Trace of the log of a matrix When Zee computes the Grassmann path integral in Section II.5 of his QFT book, he uses an algebraic step I can't follow.  I follow this part:
\begin{align}
\text{Tr}\ln\!\big[\gamma^5\big(-i\gamma^\mu\partial_\mu-m\big)\gamma^5\big]&=\text{Tr}\!\left\{\ln\gamma^5+\ln\!\big(-i\gamma^\mu\partial_\mu-m\big)+\ln\gamma^5 \right\}\\[4pt]
 &=\text{Tr}\!\left\{\big(\ln\gamma^5+\ln\gamma^5\big)+\ln\!\big(-i\gamma^\mu\partial_\mu-m\big) \right\}\\[4pt]
 &=\text{Tr}\!\left\{\ln\!\big(\gamma^5\big)^{\!2}+\ln\!\big(-i\gamma^\mu\partial_\mu-m\big)\right\}\\[4pt]
 &=\text{Tr}\!\left\{\ln1+\ln\!\big(-i\gamma^\mu\partial_\mu-m\big)\right\}\\[4pt]
 &=\text{Tr} \ln\!\big(-i\gamma^\mu\partial_\mu-m\big) ~~.
\end{align}
Then Zee writes
\begin{align}
     \text{Tr} \ln\!\big(-i\gamma^\mu\partial_\mu-m\big)&=\frac{1}{2}\text{Tr}\!\left\{\ln\!\big(-i\gamma^\mu\partial_\mu-m\big)+\ln\!\big(i\gamma^\mu\partial_\mu-m\big)\right\}\\[4pt]
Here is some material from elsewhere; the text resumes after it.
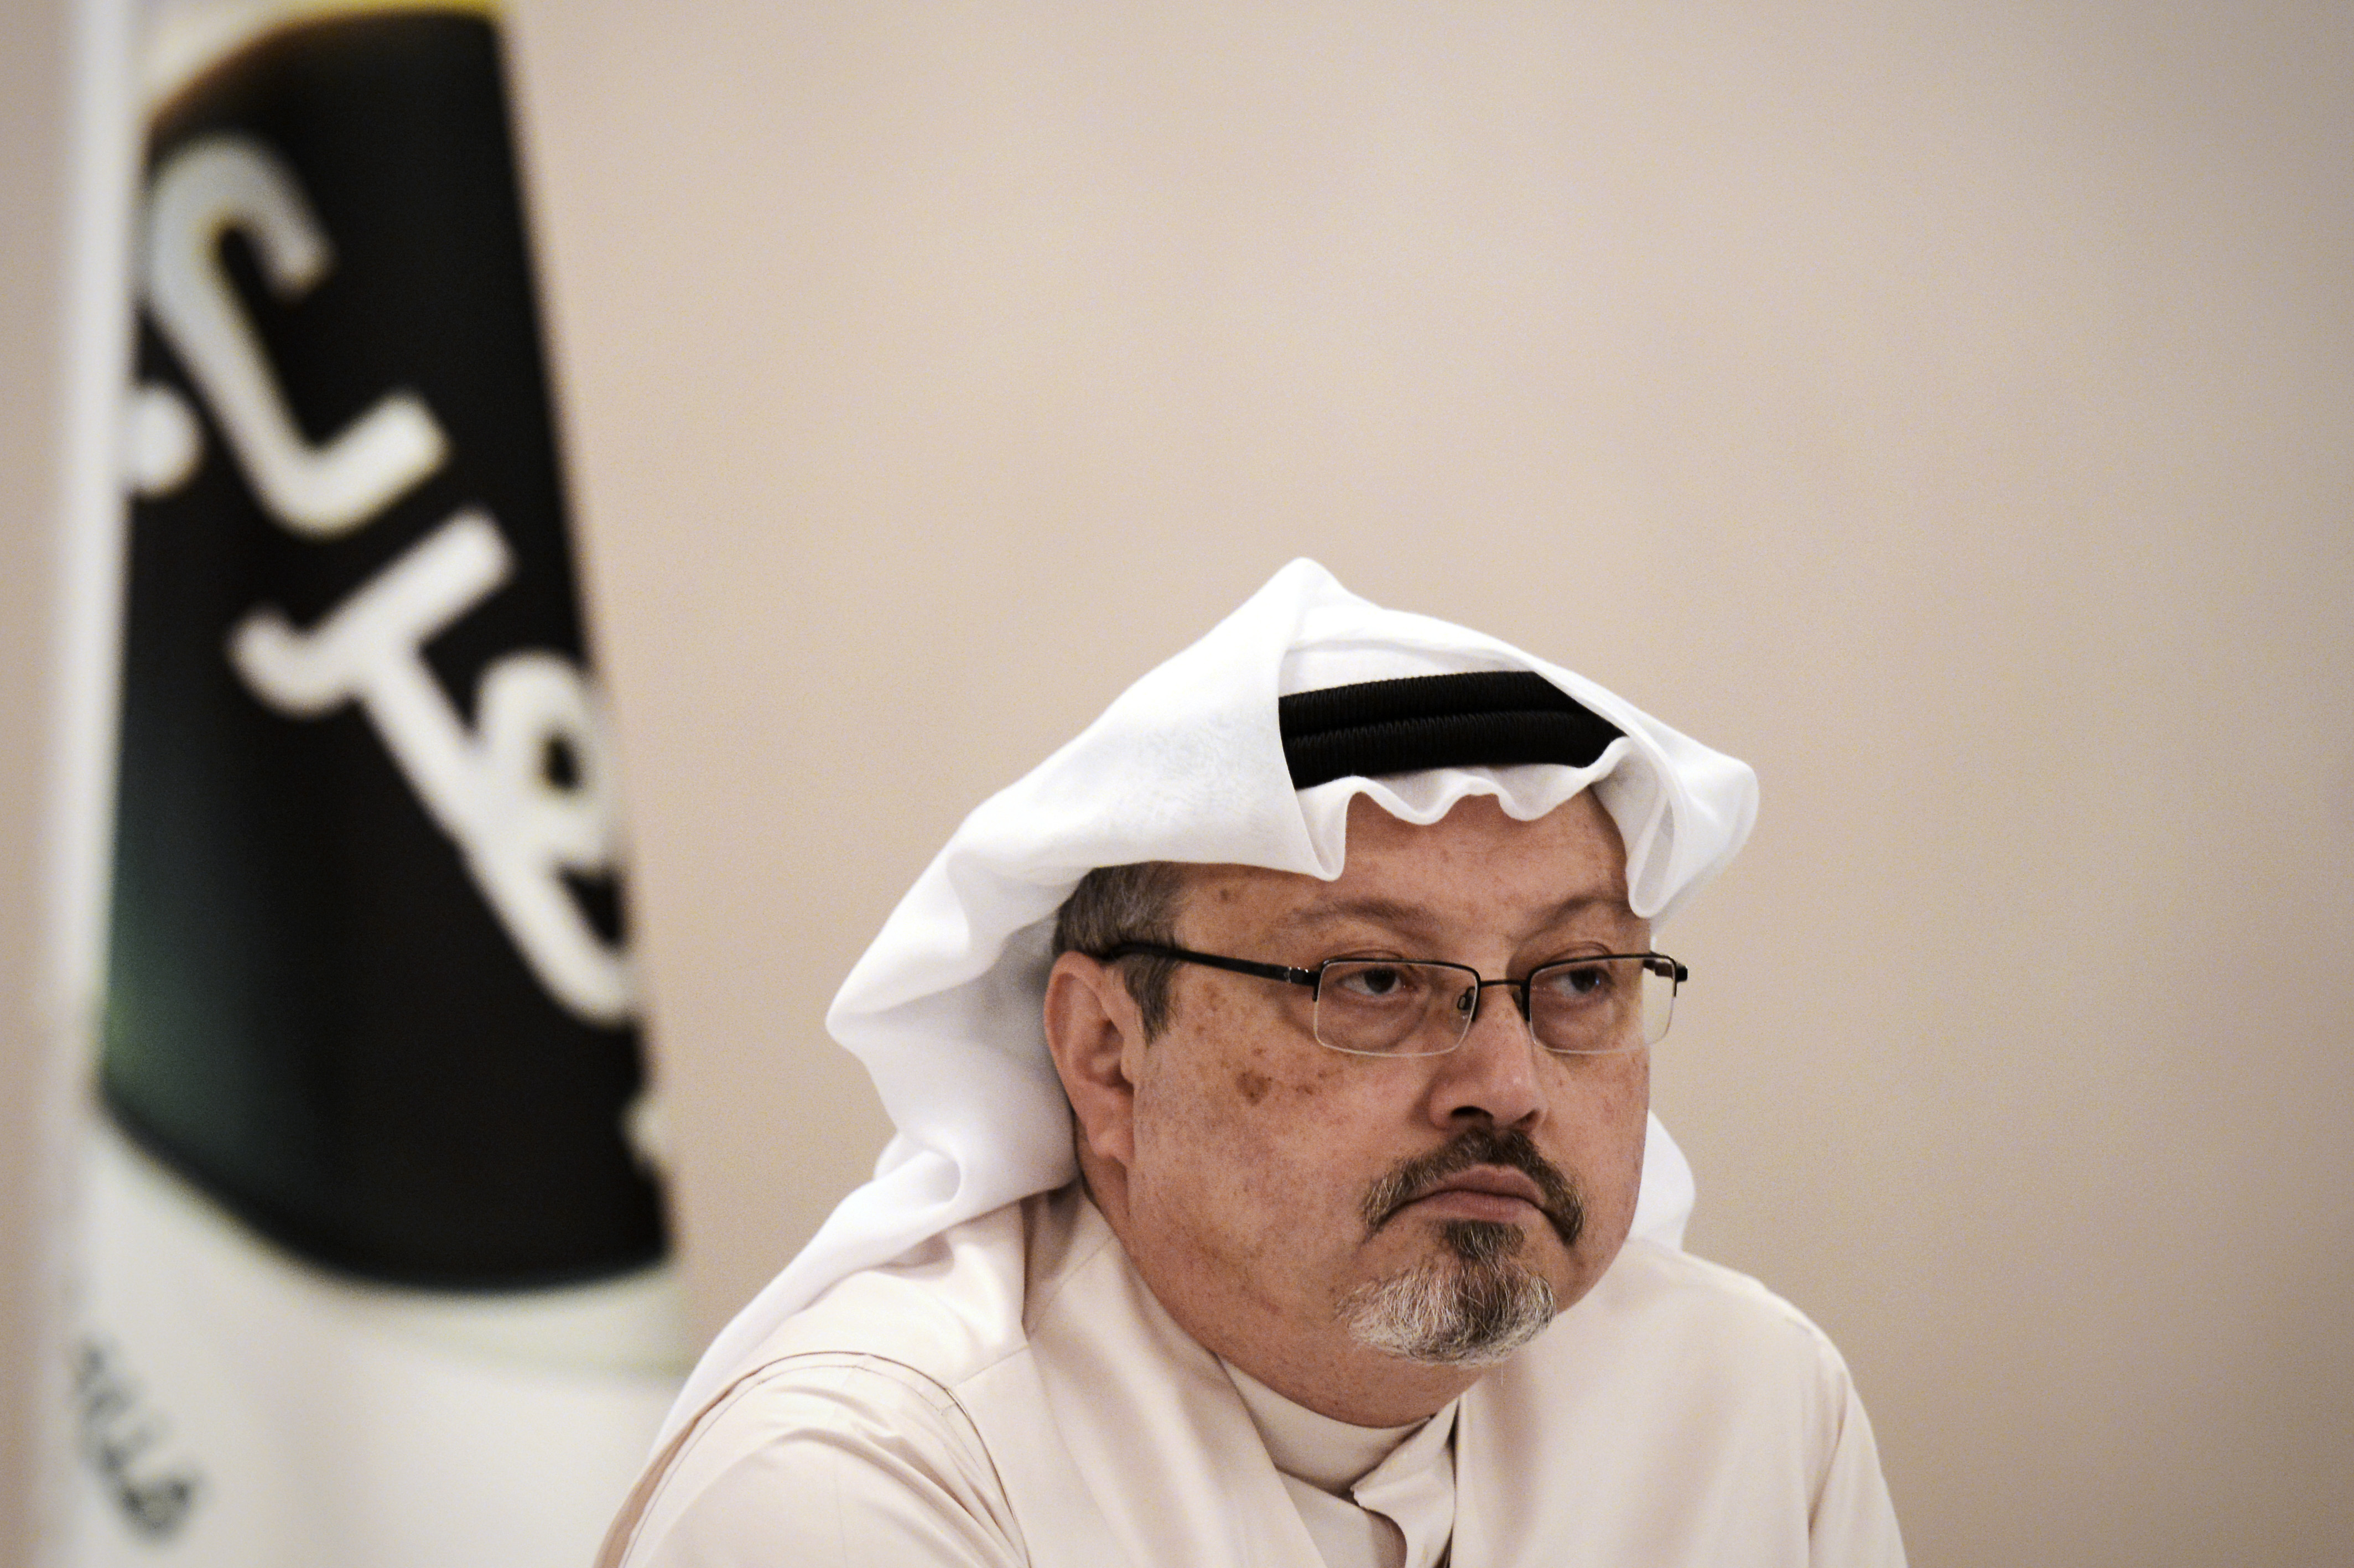 A general manager of Alarab TV, Jamal Khashoggi, looks on during a press conference in the Bahraini capital Manama, on December 15, 2014. The pan-Arab satellite news broadcaster owned by billionaire Saudi businessman Alwaleed bin Talal will go on air February 1, promising to "break the mould" in a crowded field.AFP PHOTO/ MOHAMMED AL-SHAIKH (Photo by MOHAMMED AL-SHAIKH/AFP/Getty Images)

&=\frac{1}{2}\text{Tr}\ln\!\big(\partial^2+m^2\big)~~,
\end{align}
but I do not see how he got the complex conjugate on the first line.  It appears to me that he did something like
\begin{align}
     \text{Tr} \ln\!\big(-i\gamma^\mu\partial_\mu-m\big) &=\text{Tr}\ln\!\big(-i\gamma^\mu\partial_\mu-m\big)^{2\times\frac{1}{2}} \\[4pt]
      &=\frac{1}{2}\text{Tr} \ln\!\big(-i\gamma^\mu\partial_\mu-m\big)^{2} \\[4pt]
      &=\frac{1}{2}\text{Tr}\!\left\{\ln\!\big(-i\gamma^\mu\partial_\mu-m\big)+\ln\!\big(-i\gamma^\mu\partial_\mu-m\big)\right\}~~,
\end{align}
but I do not see where the complex conjugate of $(-i\gamma^\mu\partial_\mu-m)$ comes from.
 A: The crux of the argument is proving that $\text{Tr}\ln(i\gamma^\mu\partial_\mu-m)$ = $\text{Tr}\ln(-i\gamma^\mu\partial_\mu-m)$. While it might be possible to prove this using the fact that the trace of the log of an operator is the logarithm of the product of its eigenvalues, I wasn't able to do this myself.
Start with $\text{Tr}\ln(i\gamma^\mu\partial_\mu-m)$, then using the cyclic property of the trace, its linearity, and the expansion of the logarithm of an operator, you get
$$
\text{Tr}\ln(\mathbb{I}_4\ (i\gamma^\mu\partial_\mu-m)) \\
= \text{Tr}\ln((\gamma^5)^2 \ (i\gamma^\mu\partial_\mu-m)) \\
= \text{Tr}\ln(\gamma^5(i\gamma^\mu\partial_\mu-m)\gamma^5)
$$
Then using the fact that $\{\gamma^5, \gamma^\mu\} = 0$, the $\gamma^5$'s act on the $\gamma^\mu$ by conjugation to yield $-\gamma^\mu$, while $m$ commutes with the $\gamma^5$, yielding
$$
\text{Tr}\ln(-i\gamma^\mu\partial_\mu-m)
$$
So, using the linearity of the trace again, we can break up $\text{Tr}\ln(i\gamma^\mu\partial_\mu-m)$ into $\frac12 \text{Tr} [ \ln(i\gamma^\mu\partial_\mu-m) + \ln(i\gamma^\mu\partial_\mu-m)]$ and rewrite the second one using the previous identity.